### Task details
From the line containing "Capacity Building Program" to the last line of the listing, both included, copy every line exactly and drop the pictures.

### Stored data
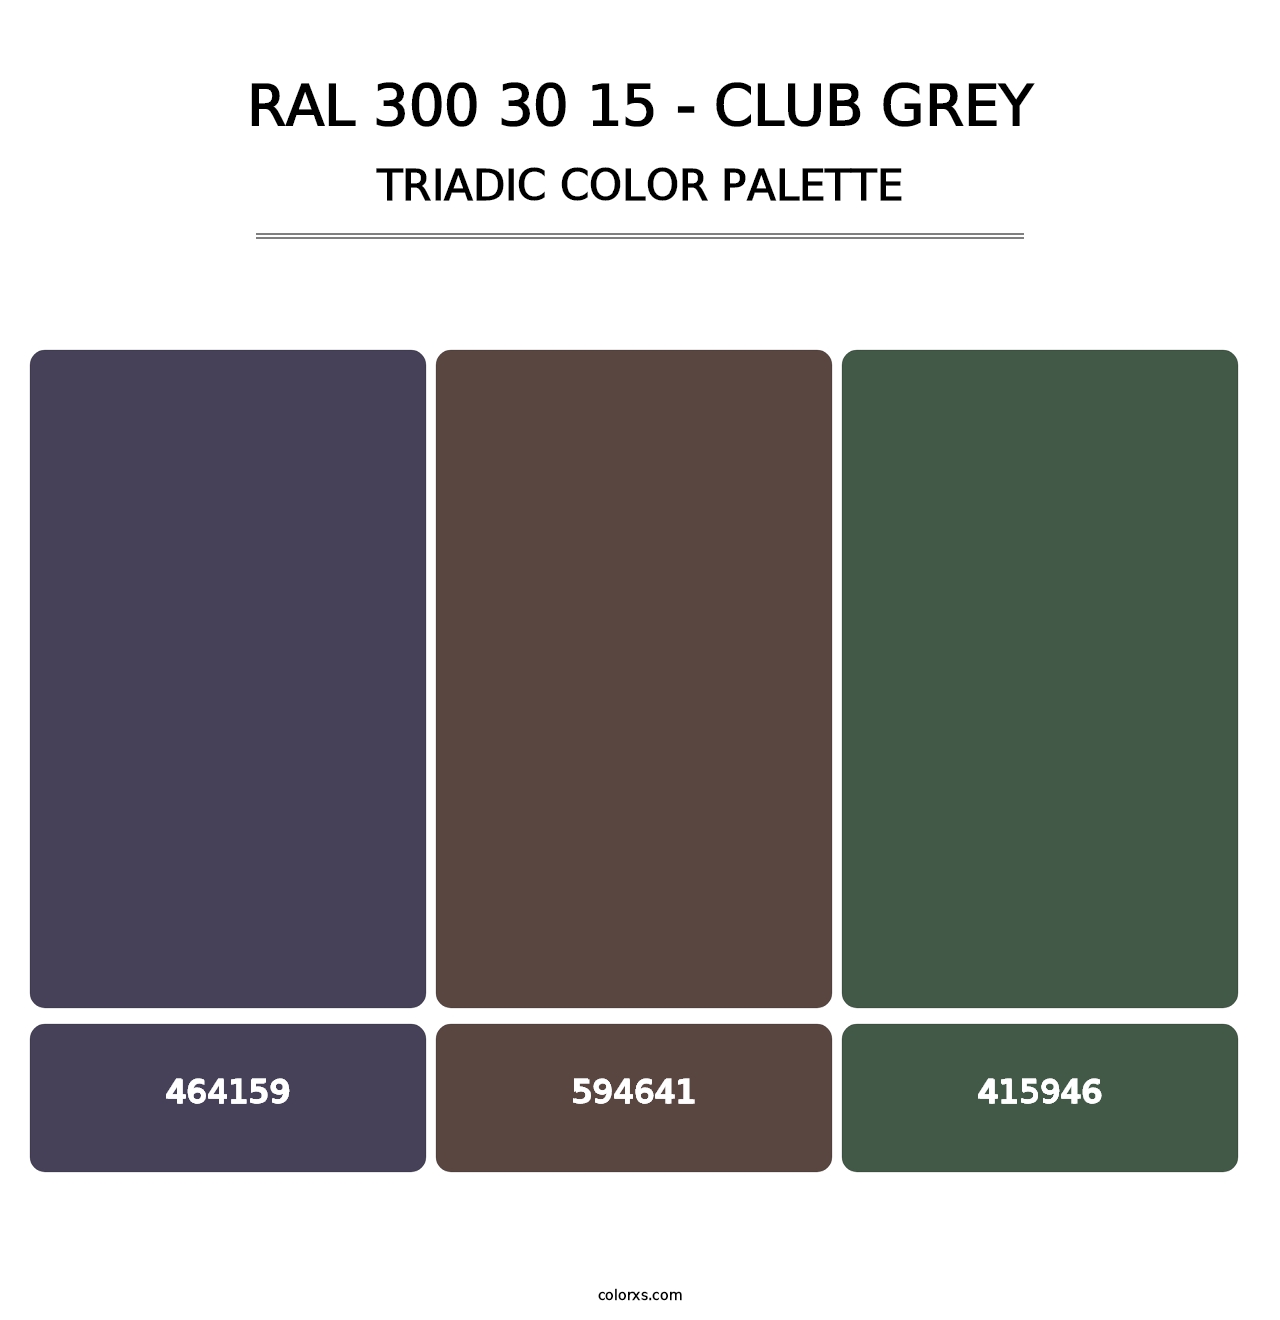 RAL 300 30 15 - Club Grey - Triadic Color Palette
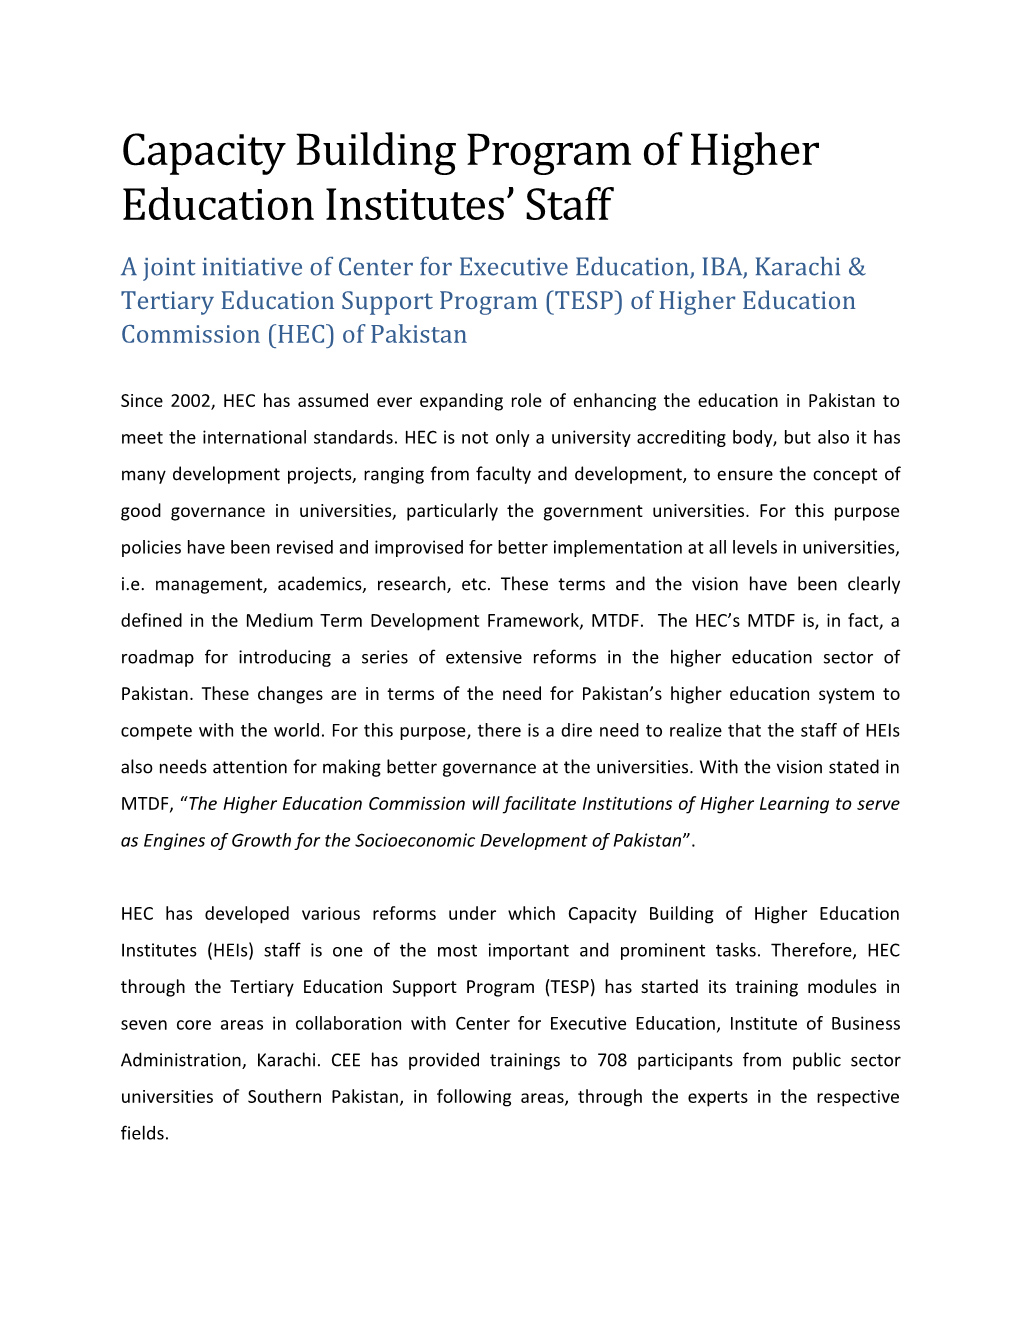 Capacity Building Program of Higher Education Institutes' Staff
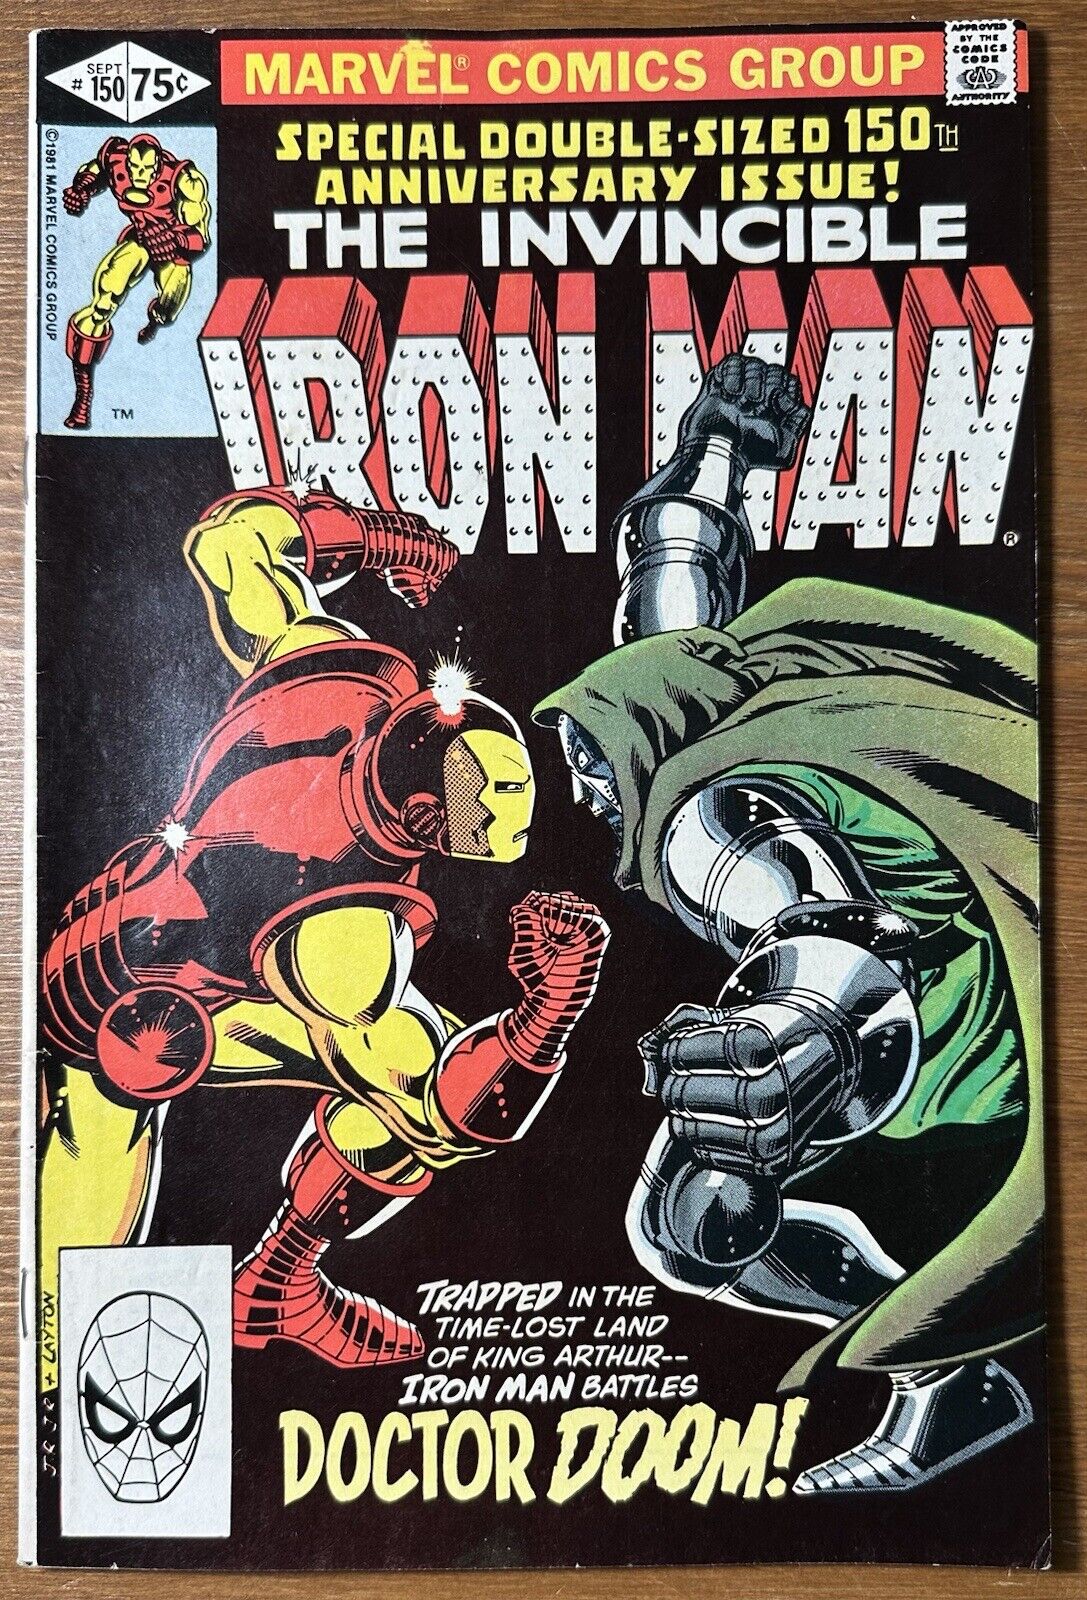 1981 MARVEL Comics IRON MAN #150 Iconic IRON MAN vs. Dr. DOOM Romita Cover

### Output below
 Capacity Building Program of Higher Education Institutes' Staff
 1981 MARVEL Comics IRON MAN #150 Iconic IRON MAN vs. Dr. DOOM Romita Cover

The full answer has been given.